尽管烹饪本领非凡,这些机器人并非为餐饮业而生。"当一个机器人能自信地在厨房工作,它也就能自信地在工厂或家庭中工作,"丰田首席科学家 Gill Pratt 说。烹饪包含诸多复杂任务,如放置物品、倒液体和搅拌原料,这使得厨房成为尝试全新 AI 训练方法"扩散策略"的理想场所。
"扩散"技术最初用于 AI 图像生成,现已被 TRI 及哥伦比亚大学和麻省理工学院的机器人学家开发,用于加速机器人训练。麻省理工学院机器人研究副总裁兼教授 Russ Tedrake 用装载洗碗机这一典型厨房任务来解释"扩散"原理。
传统上,机器人需要通过大量计算机代码编程,可以是手动编写,也可以通过远程控制机器人手臂和手部来复制所需动作。在剑桥的一个机器人,配备摄像头和触觉传感器以提供反馈,通过遥控方式学习拿取餐具并将其整齐堆放在洗碗机中。这个过程需要约100次不同的示范,以应对各种餐具和堆放方式。
然而,即使100次示范也无法涵盖所有可能情况,这正是"扩散"技术发挥作用的地方。这个过程类似于拆解并重组一个装置以学习其原理。在图像生成中,这涉及向图像添加随机"噪声"直至无法识别,然后反向推进以学习生成逼真图像的步骤。
对于机器人训练,AI 会利用已学习的动作随机生成潜在新动作,随后将其refined为适用于新环境的有效行为。这可能意味着能够拿起放置在异常角度的盘子或形状奇特的碗。机器人将不断尝试新动作直至成功完成任务。Tedrake 博士表示,通过使用扩散技术,训练一个机器人装载洗碗机只需几小时,而传统编程可能需要一年或更长时间。
研究人员已成功将扩散技术应用于多种不同任务,目前正尝试将数百个任务整合into所谓的大型行为模型( LBM )。这类似于大型语言模型( LLM ),后者支持诸如 ChatGPT 等 AI 服务。与 LLM 根据训练信息生成答案不同,LBM 包含可用于生成新行为的行为集。简单来说,这意味着在超市货架上拣选杂货的技能(剑桥机器人已学会)同样可用于汽车工厂挑选零部件。

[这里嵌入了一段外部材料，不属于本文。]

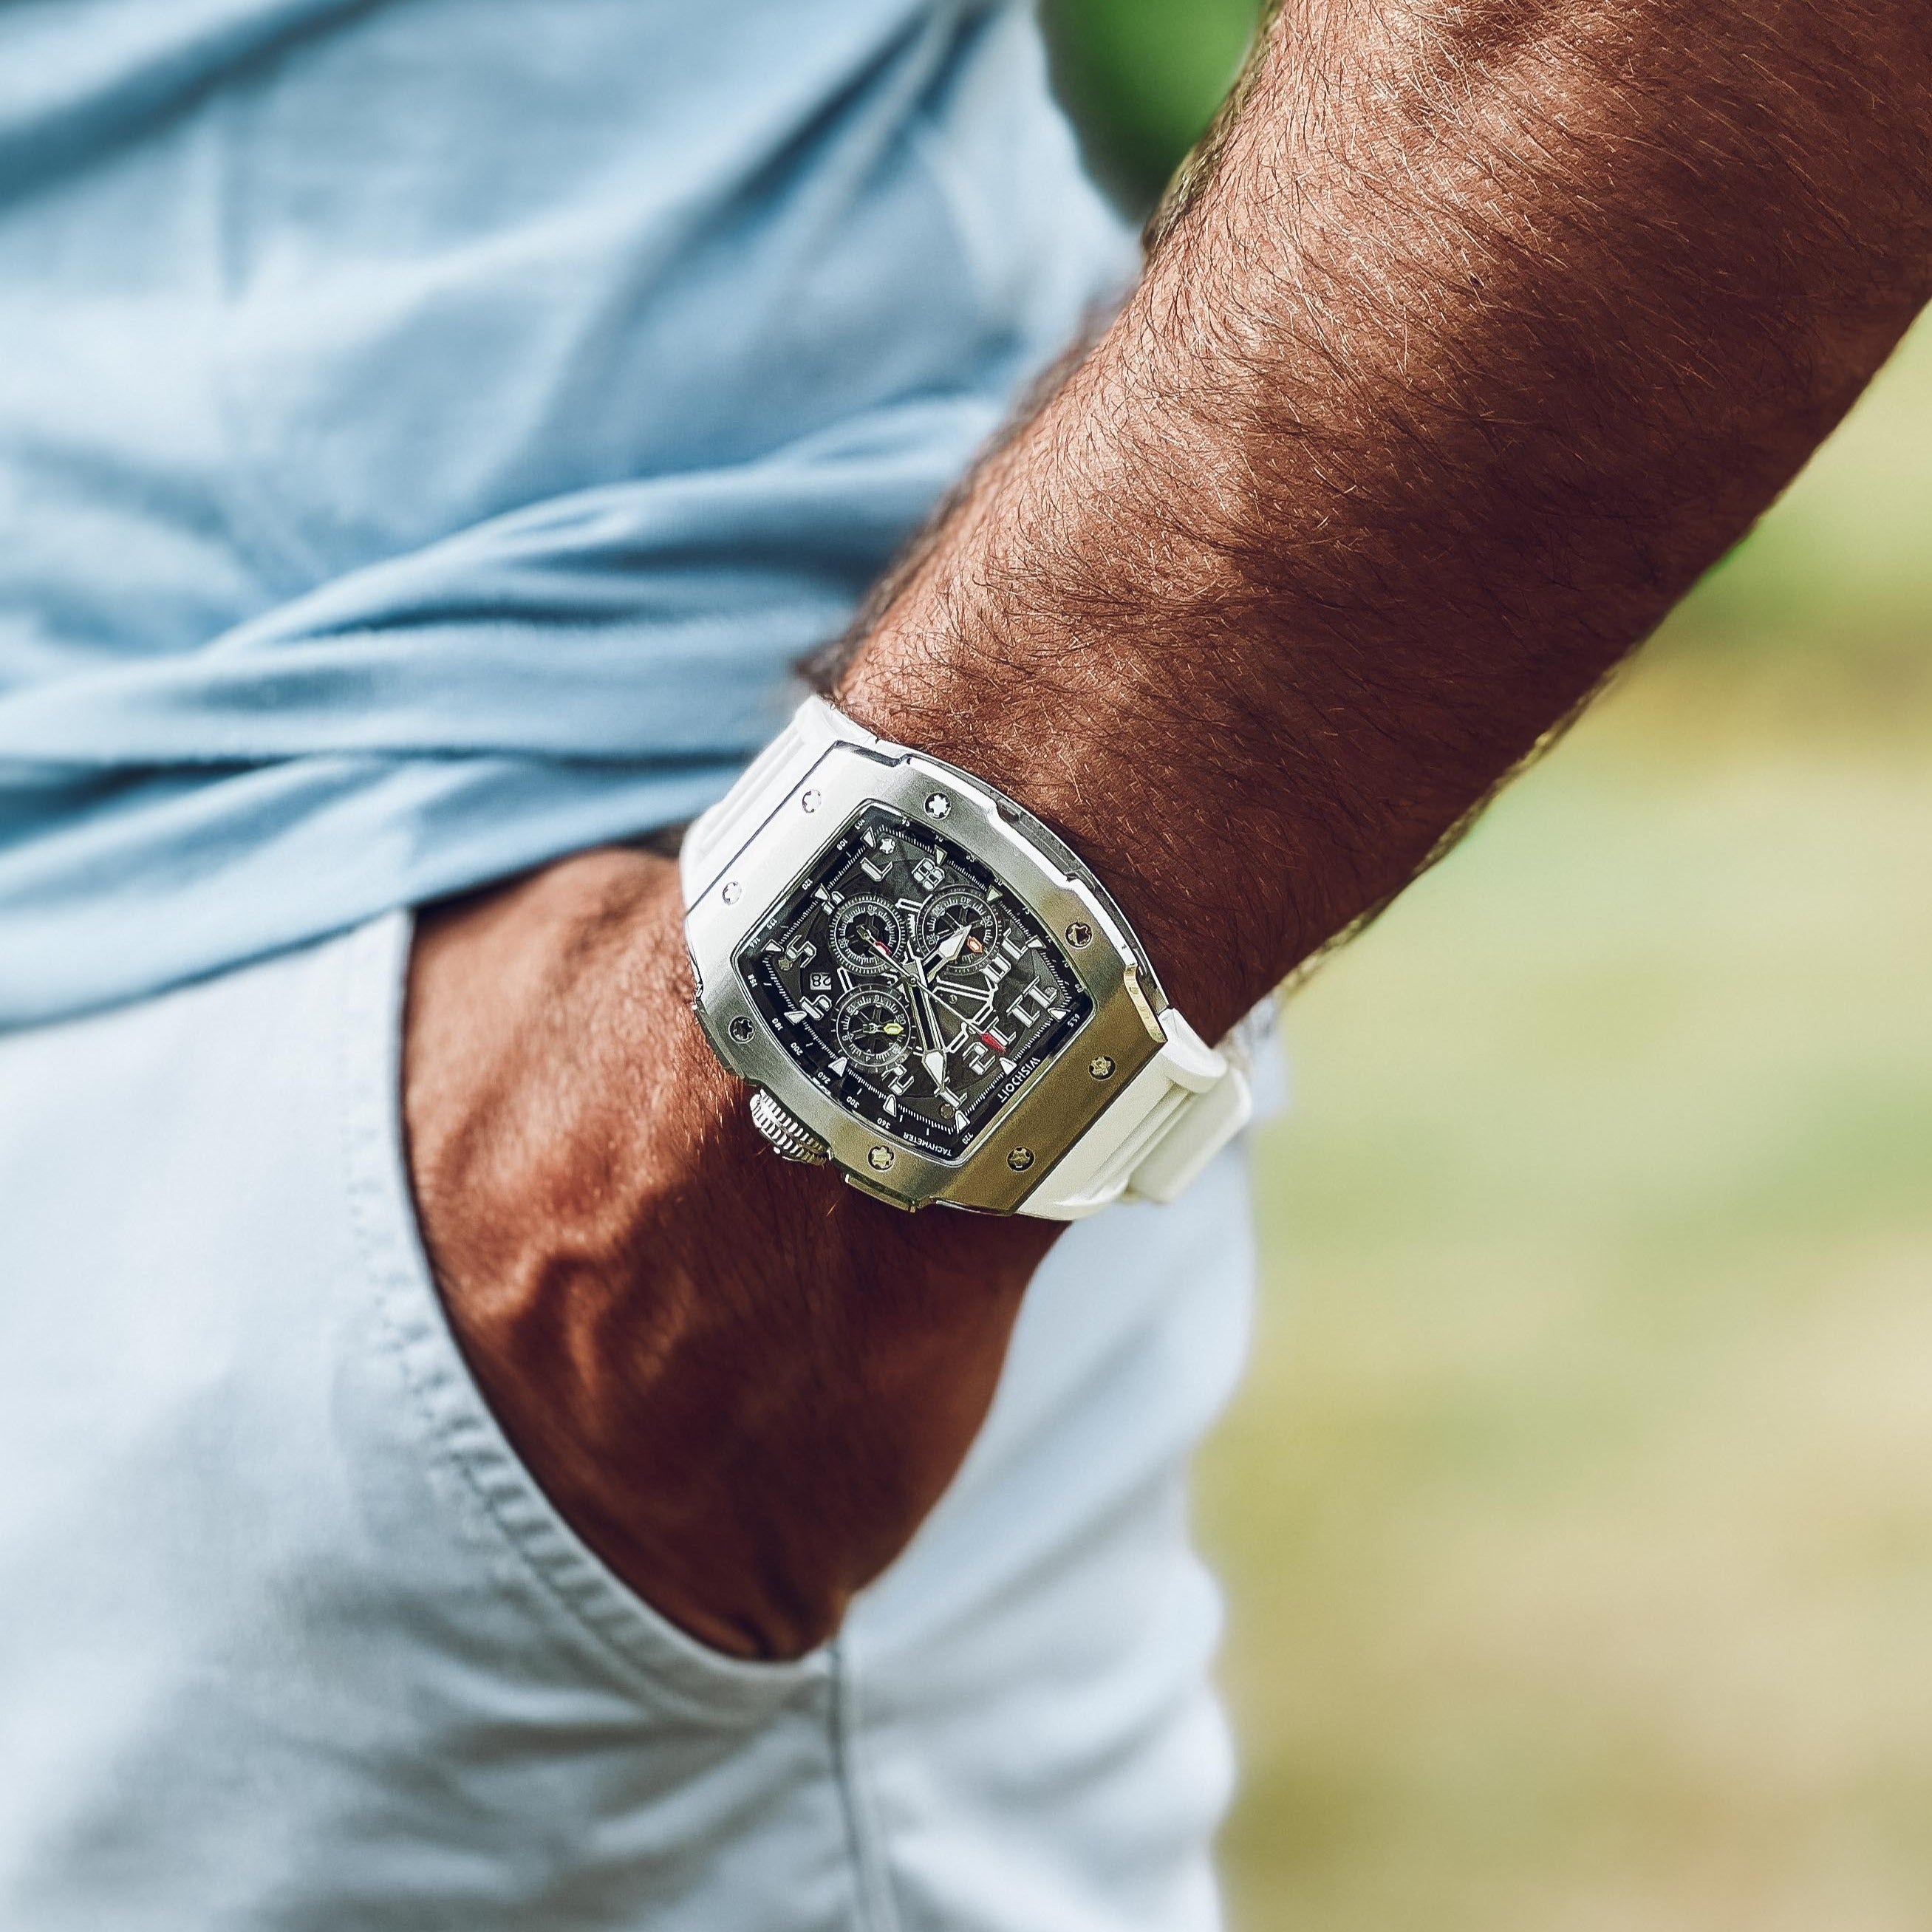 wishdoit racing GT chronograph watches silver white watch for men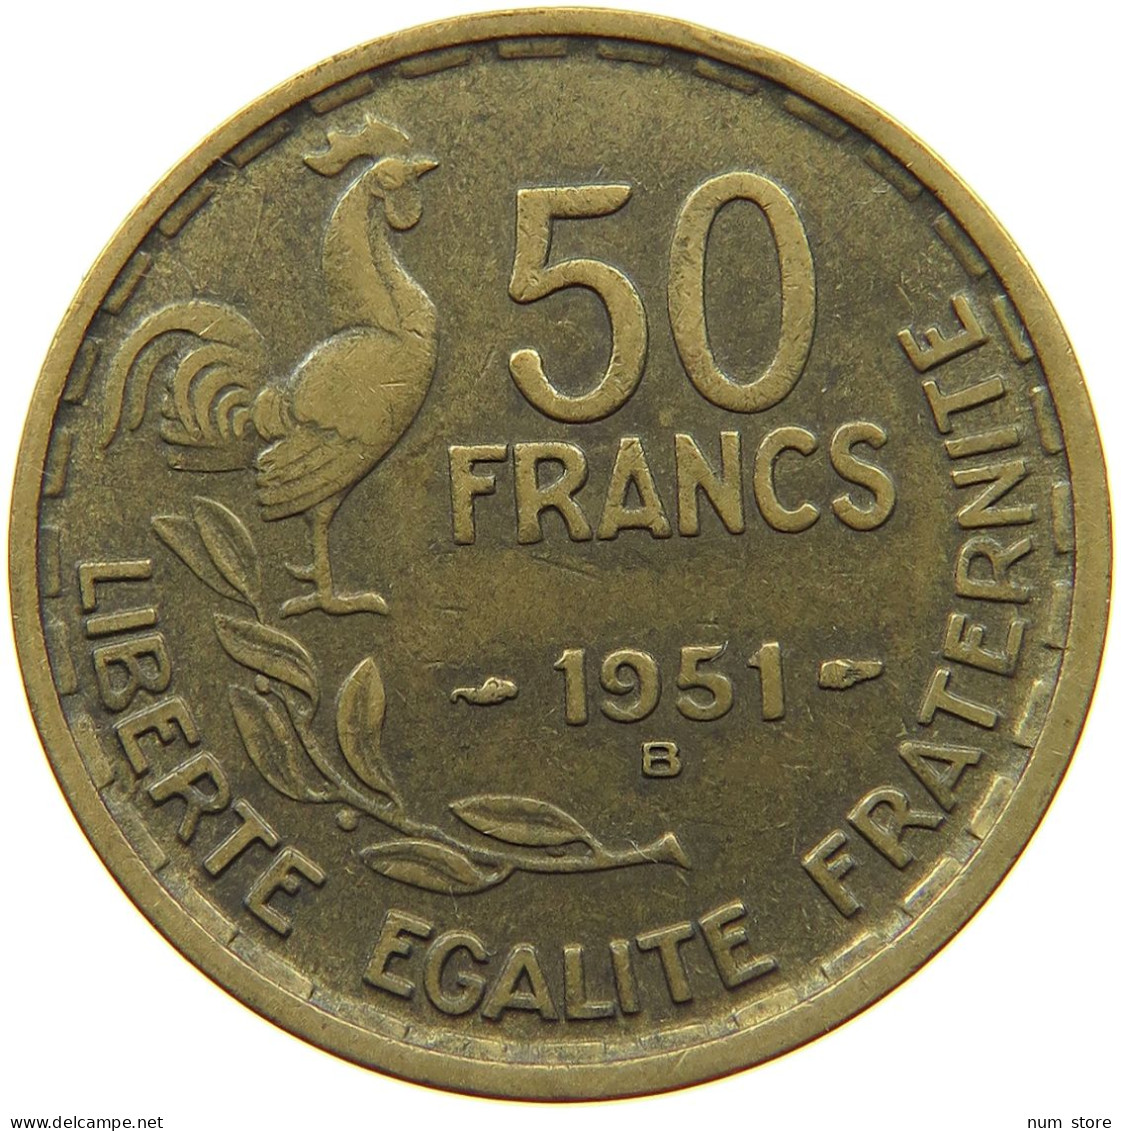 FRANCE 50 FRANCS 1951 B #s066 0233 - 50 Francs

这些新技能一旦习得,可通过"群体学习"方式无线传输给其他机器人,从而进一步加速机器人训练。随着技术发展,基础训练可能变得更快、更简单。与其由人远程操控肢体,机器人只需观察他人如何完成工作即可。
为推进这项工作,位于硅谷的 TRI 最近与波士顿动力公司(Boston Dynamics) 结成联盟。作为全球领先的行走机器人开发商,波士顿动力公司正致力于开发更轻巧的 Atlas 人形机器人——一个能奔跑、跳跃甚至翻跟头的紧凑版本。TRI 的目标是为这个新 Atlas 配备大型行为模型。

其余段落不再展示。